# Accessing PAD Datasets


---

**Welcome to our Quick Start Guide!** In this notebook, we'll guide you on how to access datasets from the [Paper Analytical Device (PAD) Dataset Registry](https://github.com/PaperAnalyticalDeviceND/pad_dataset_registry) for model training.

This guide includes detailed steps on setting up your environment, installing necessary dependencies, exploring available datasets, downloading your selected dataset, storing it locally, and visualizing its metadata.

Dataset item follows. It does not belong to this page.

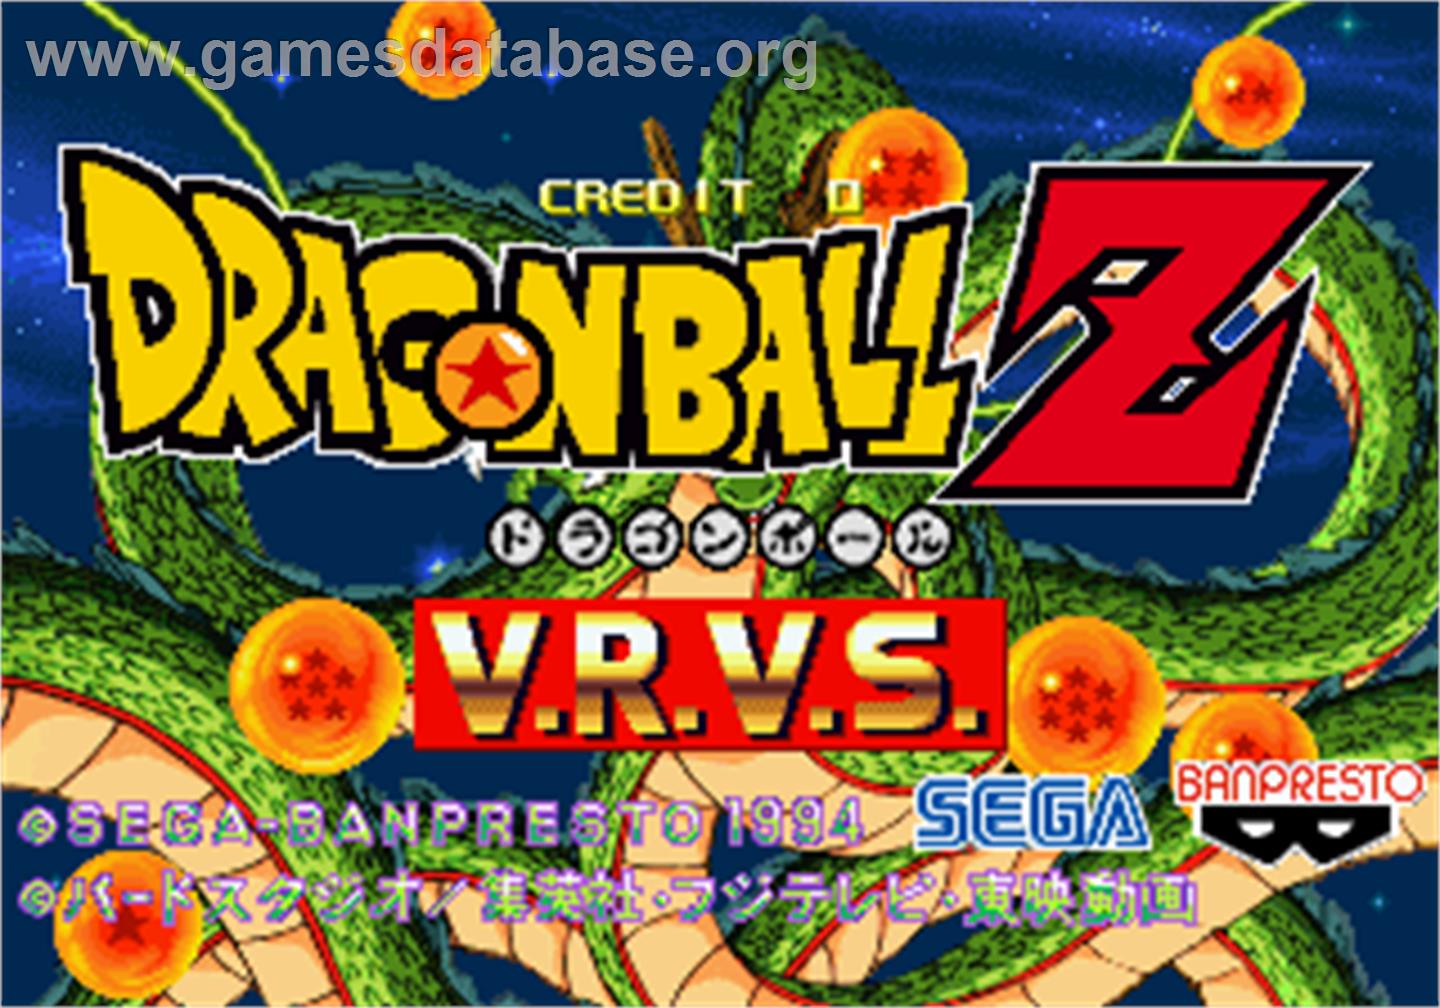 Dragon Ball Z V.R.V.S. - Arcade - Artwork - Title Screen
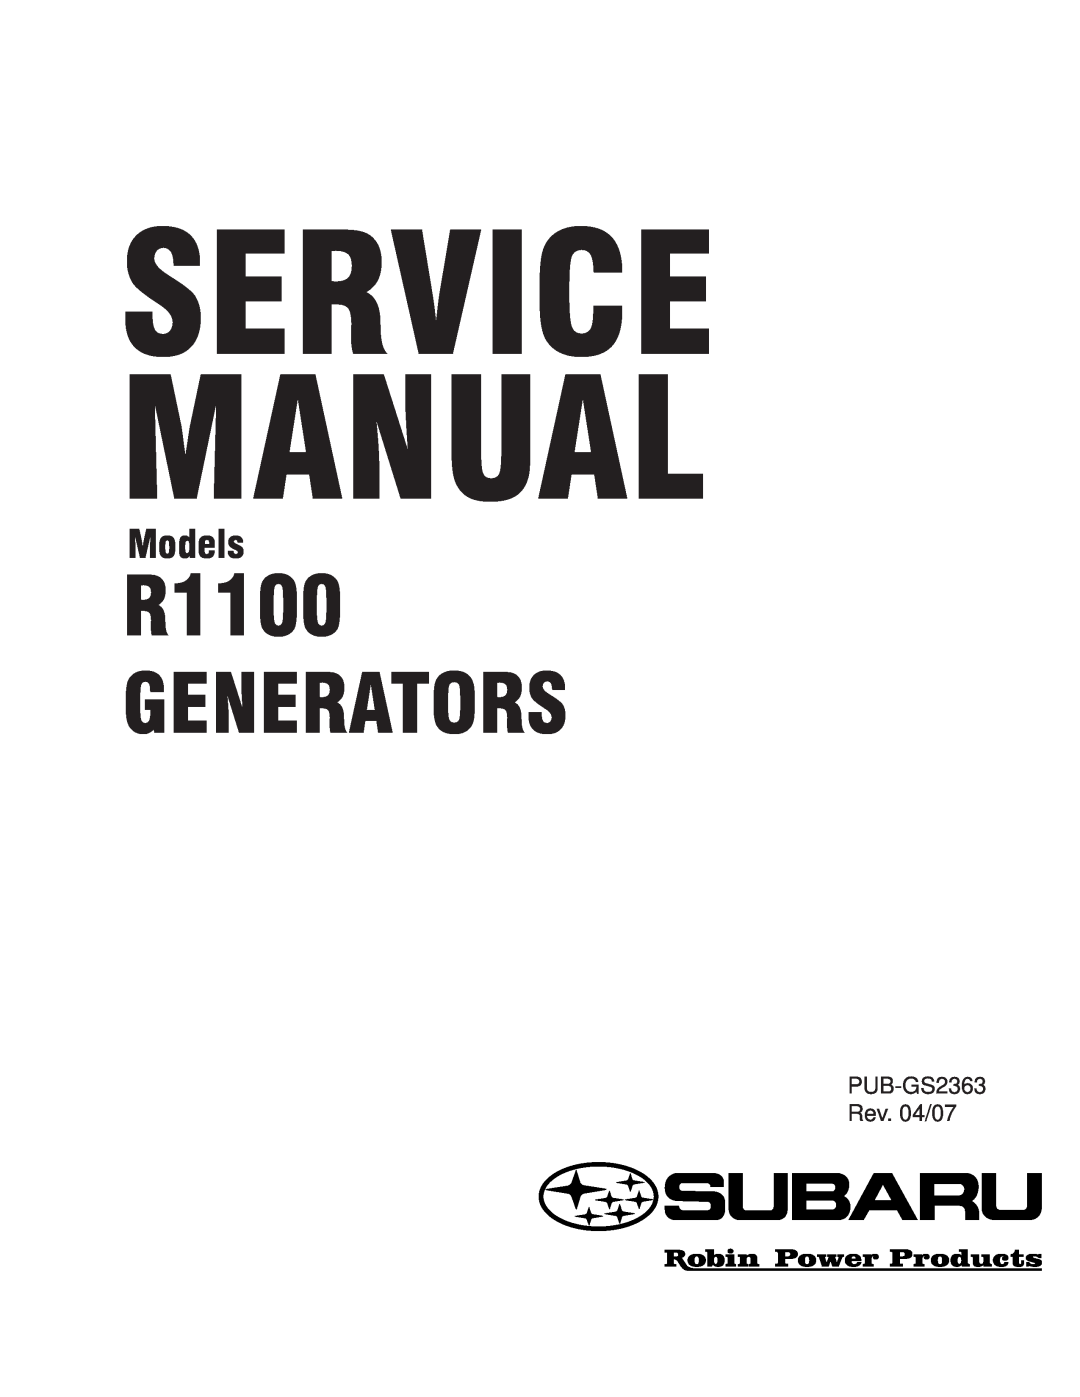 Subaru service manual R1100 GENERATORS, Models, PUB-GS2363 Rev. 04/07

**User-Friendly:** Designed with Google Colab in mind, this guide is also compatible with any environment supporting Python 3.9 or newer.

If you have any questions or need further assistance, please feel free to contact pmoreira@nd.edu.

Enjoy your journey through the datasets and happy modeling!


---



# Setup Enviroment

In [None]:
# Setup Environment

# Install dependencies required for the project. This includes DVC for data version control,
# and DVC-GDrive to enable storage integration with Google Drive for dataset storage.
!pip install dvc dvc-gdrive &> /dev/null

# The line below is commented out because these packages are already installed
# in the Colab; uncomment if you are on your local computer
# !pip install pandas opencv-python matplotlib

# Define constants for file and directory names to be used in the project.
DEV_FNAME = 'metadata_dev.csv'  # Name of the development dataset metadata file.
TEST_FNAME = 'metadata_test.csv'  # Name of the test dataset metadata file.
DEV_IMAGES_PATH = 'images_dev'  # Directory path for development dataset images.
TEST_IMAGES_PATH = 'images_test'  # Directory path for test dataset images.
REPORT_PATH = 'report'  # Directory path for storing reports generated from analyses.


# **List** Datasets

In [None]:
# Use the `dvc list` command to retrieve a list of datasets available in the PAD Dataset Registry.
!dvc list https://github.com/PaperAnalyticalDeviceND/pad_dataset_registry datasets

# **Download** a dataset from the previous dataset list


## Functions

In [None]:
##****************************************************************************##
# Downloading functions
##****************************************************************************##
import csv, os
import requests
from concurrent.futures import ThreadPoolExecutor
from tqdm import tqdm


def download_file(url, filename, images_path):
    """Download a file from a URL and save it to a local file."""
    response = requests.get(url, stream=True)
    if response.status_code == 200:
        path = os.path.join(images_path, filename)
        with open(path, 'wb') as f:
            for chunk in response.iter_content(1024):
                f.write(chunk)

def download_files_from_csv_file(file_path, images_path):
    """Download files in parallel based on URLs from a CSV file with a progress bar."""
    # Open the CSV file and parse its content
    with open(file_path, newline='') as csvfile:
        rows = list(csv.DictReader(csvfile)) # Convert to list for tqdm

        # Initialize tqdm for the progress bar
        pbar = tqdm(total=len(rows), desc="Downloading files")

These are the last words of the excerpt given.